→ **WHAT IS EXPECTED**:
After dropping the pictures, give again exactly the lines of the data from its first line through the line with "view to the", which is included as well.

→ **GIVEN MATERIAL**:
BEGIN

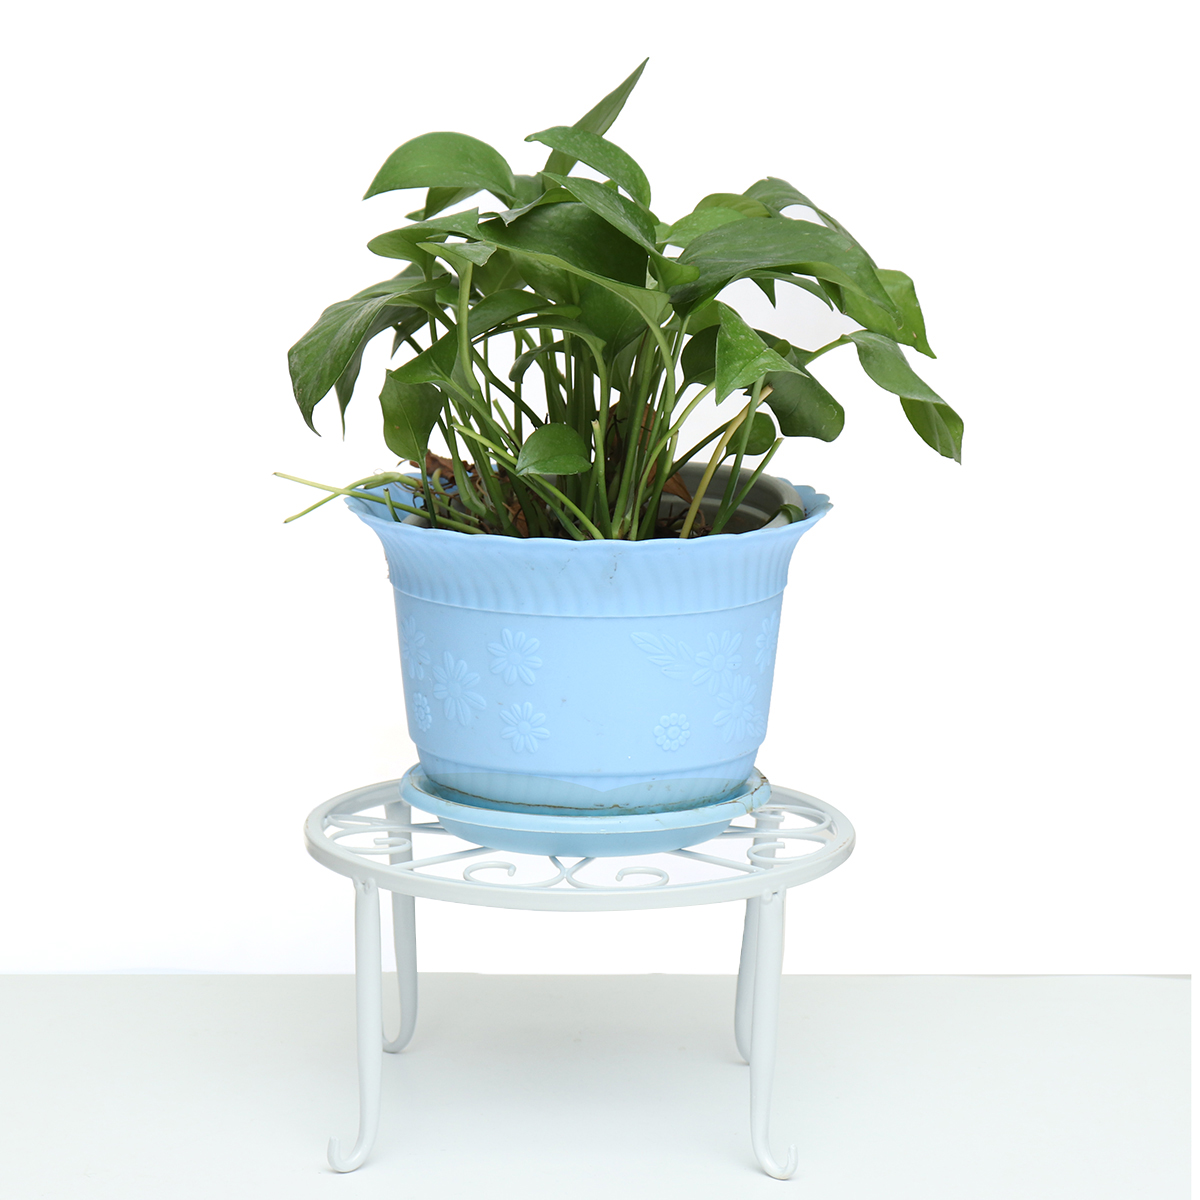 Wrought Iron Pot Plant Stand Flower Shelf Indoor Outdoor Garden Decor 24*24*13cm
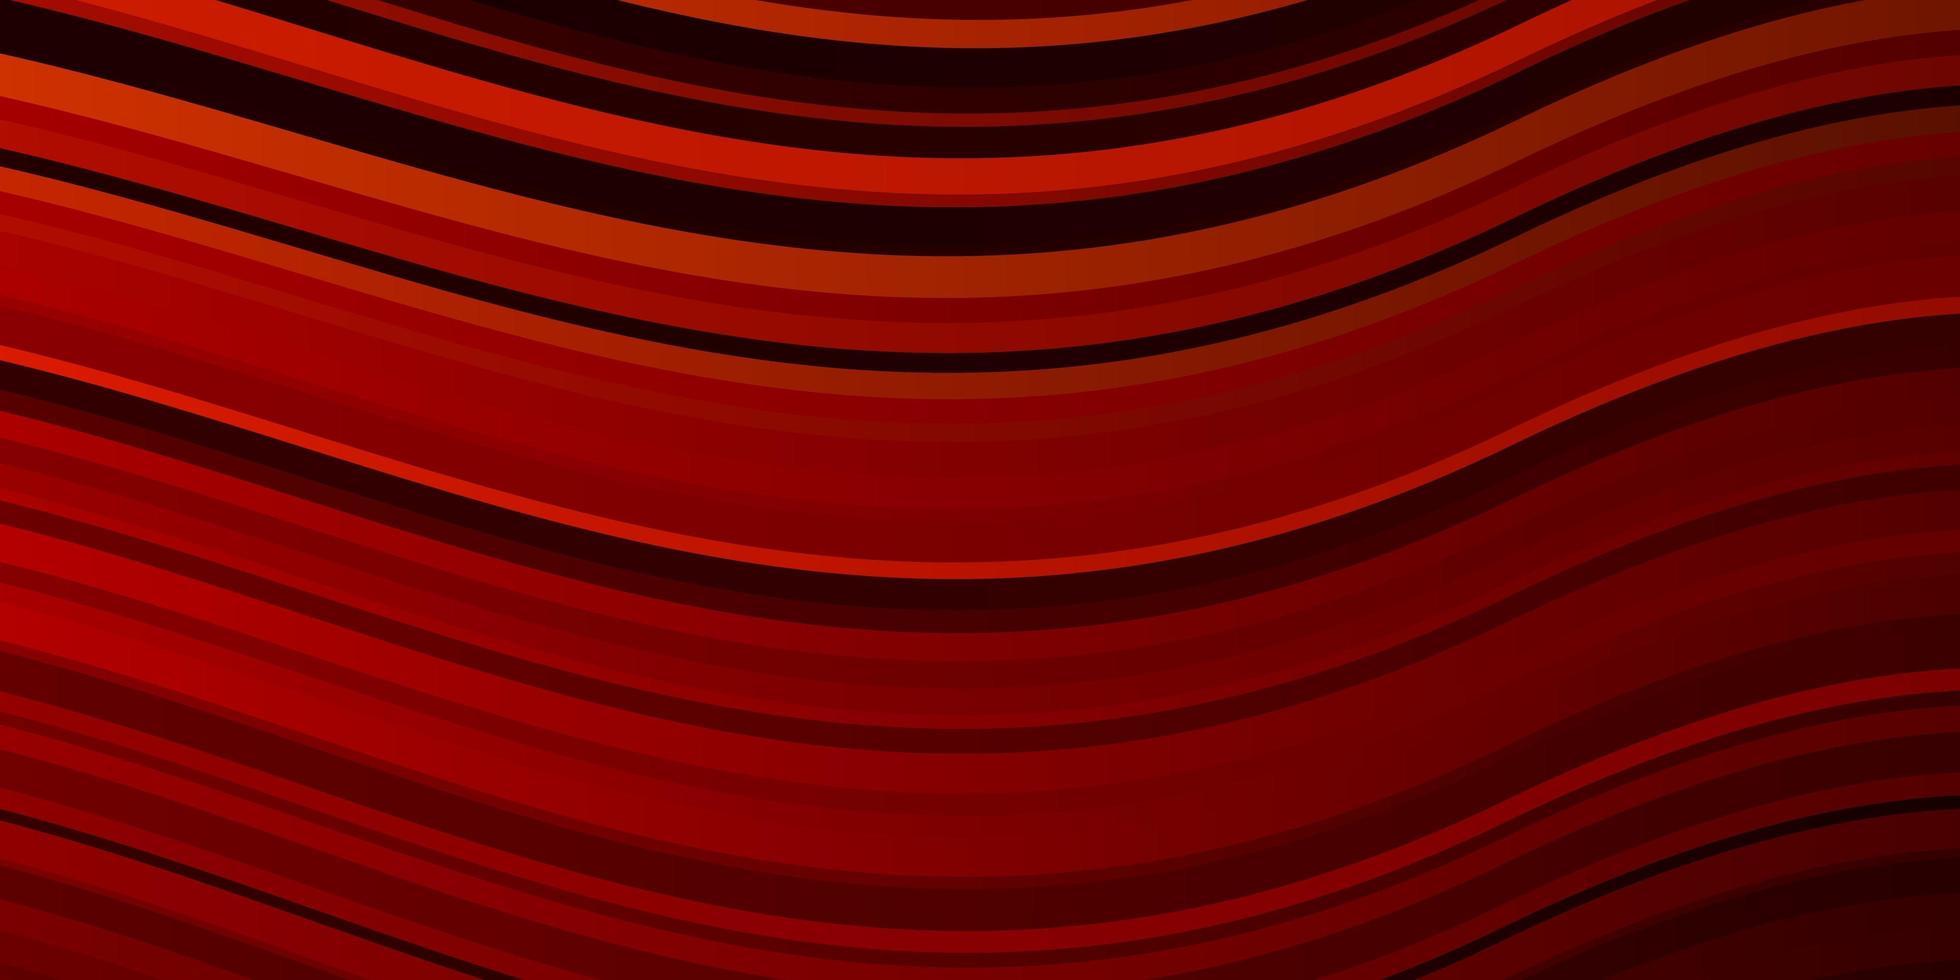 pano de fundo vector vermelho escuro com arco circular.
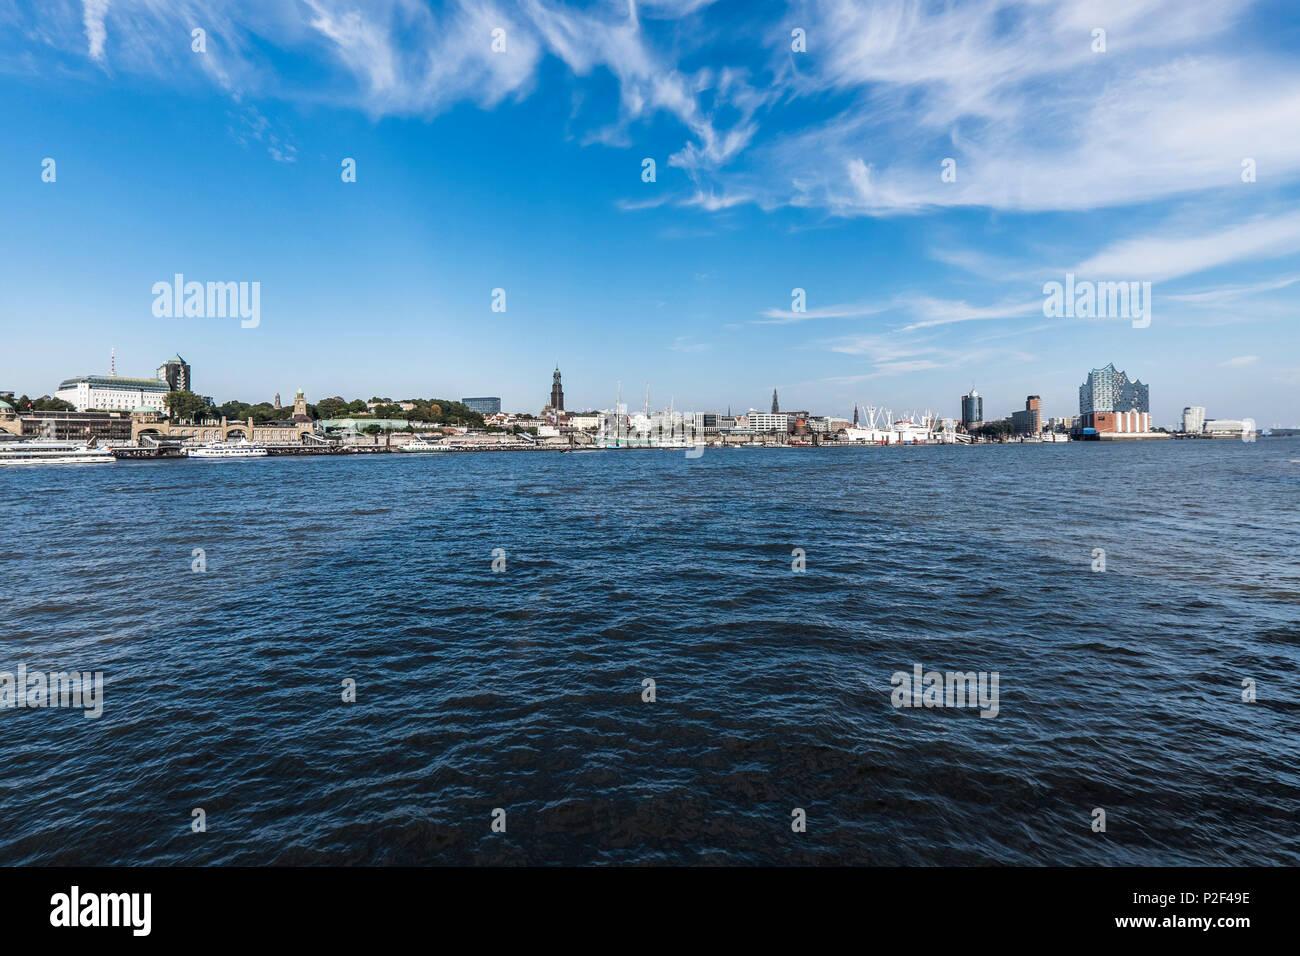 view to the skyline of Hamburg and the Hafencity, Hamburg, north Germany, Germany - Stock Image
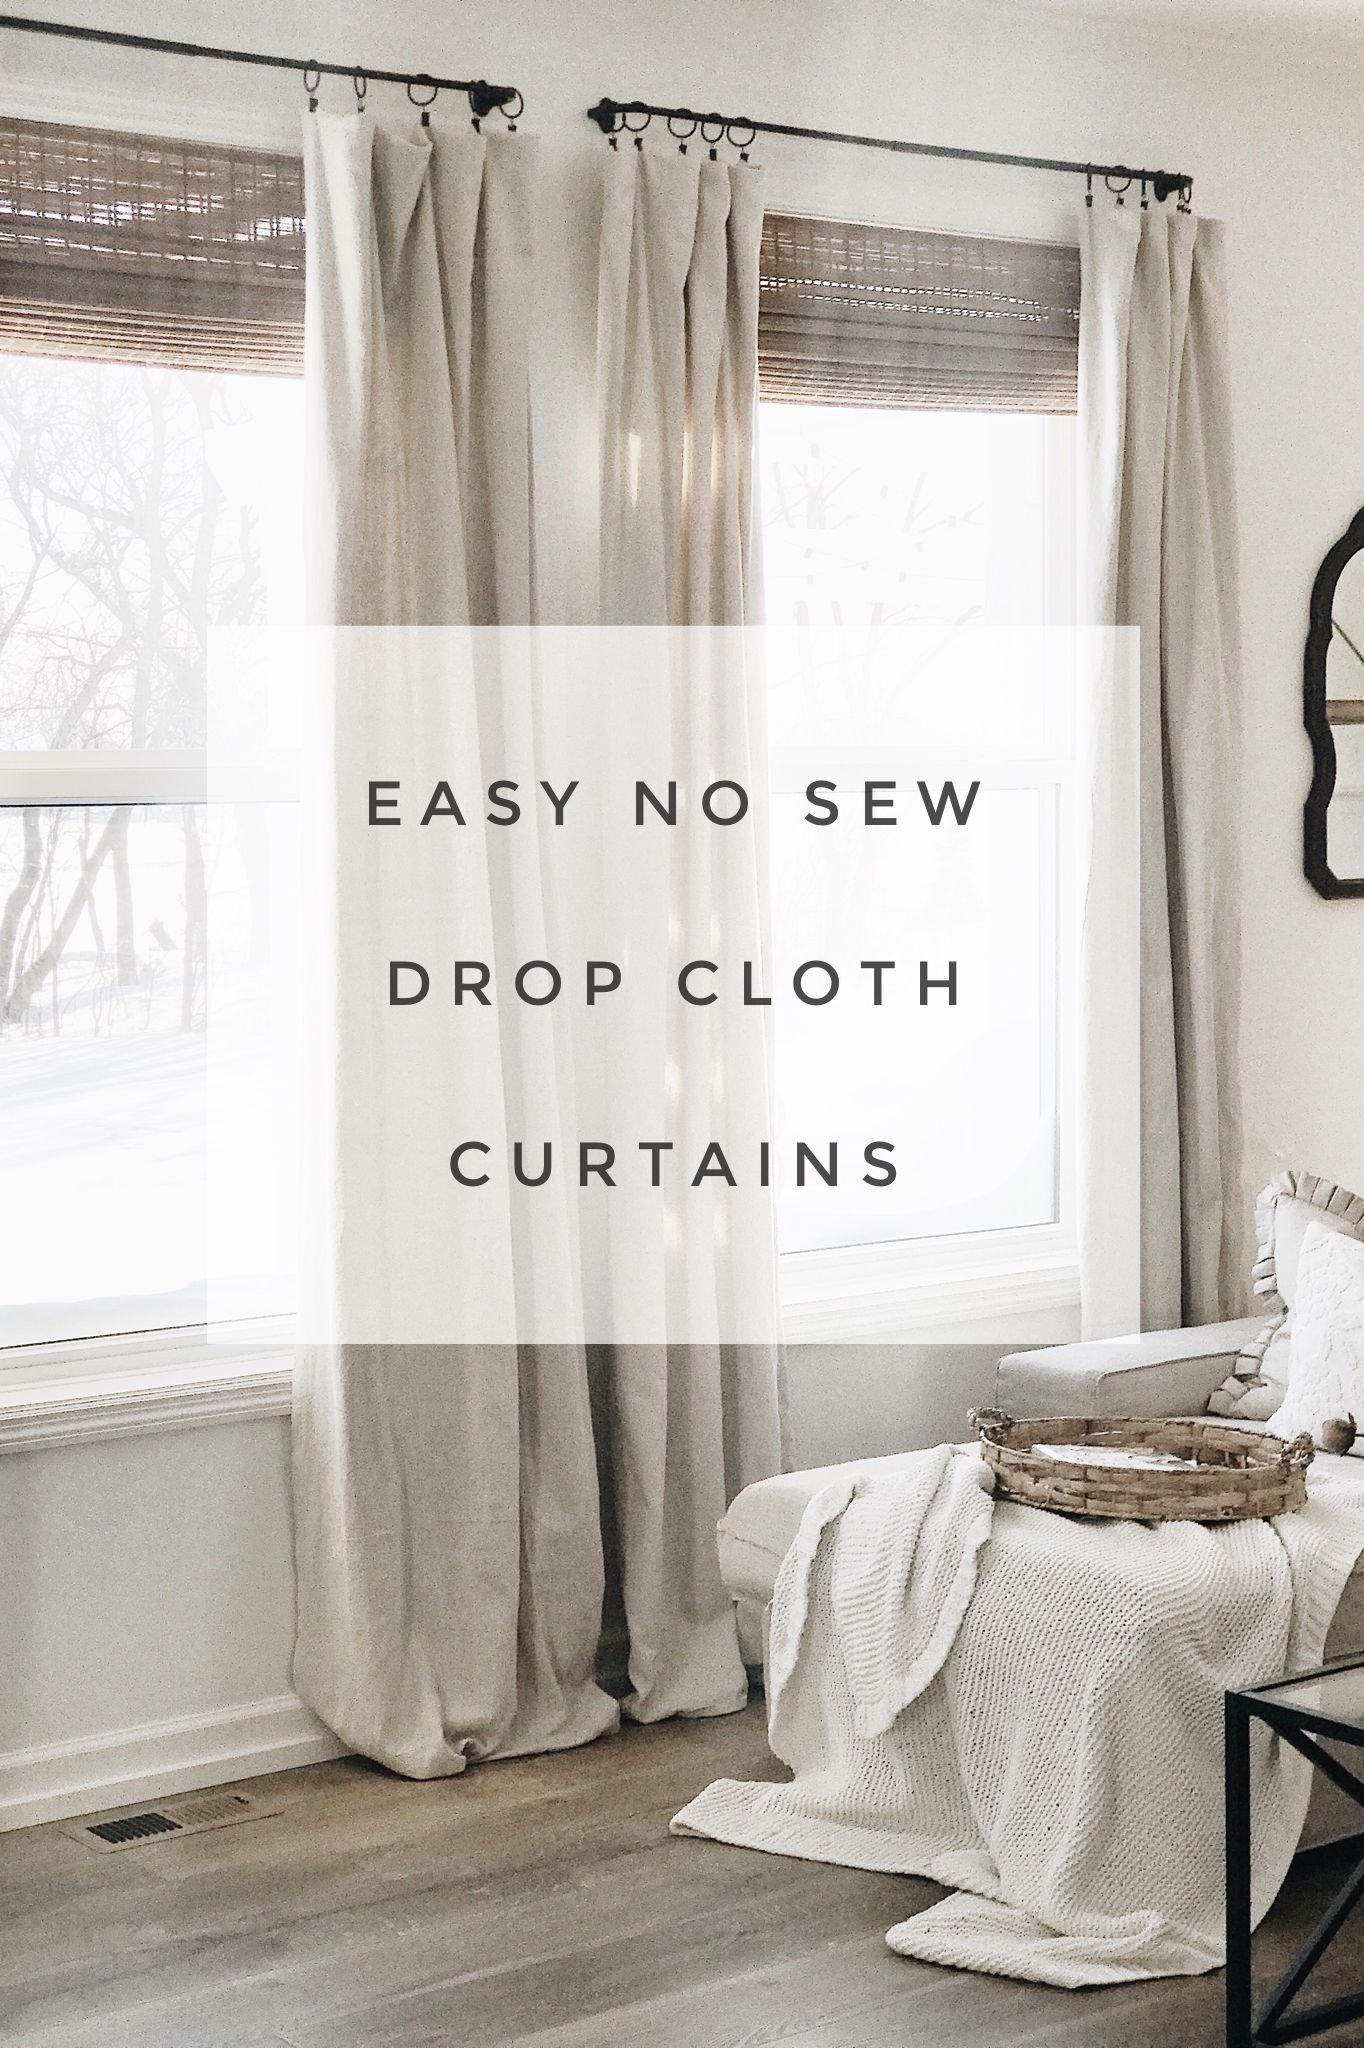 easy no sew drop cloth curtains Drop cloth curtains

END

→ **RESPONSE TO THE EXERCISE**:
 Wrought Iron Pot Plant Stand Flower Shelf Indoor Outdoor Garden Decor 24*24*13cm
 pano de fundo vector vermelho escuro com arco circular.
 view to the skyline of Hamburg and the Hafencity, Hamburg, north Germany, Germany - Stock Image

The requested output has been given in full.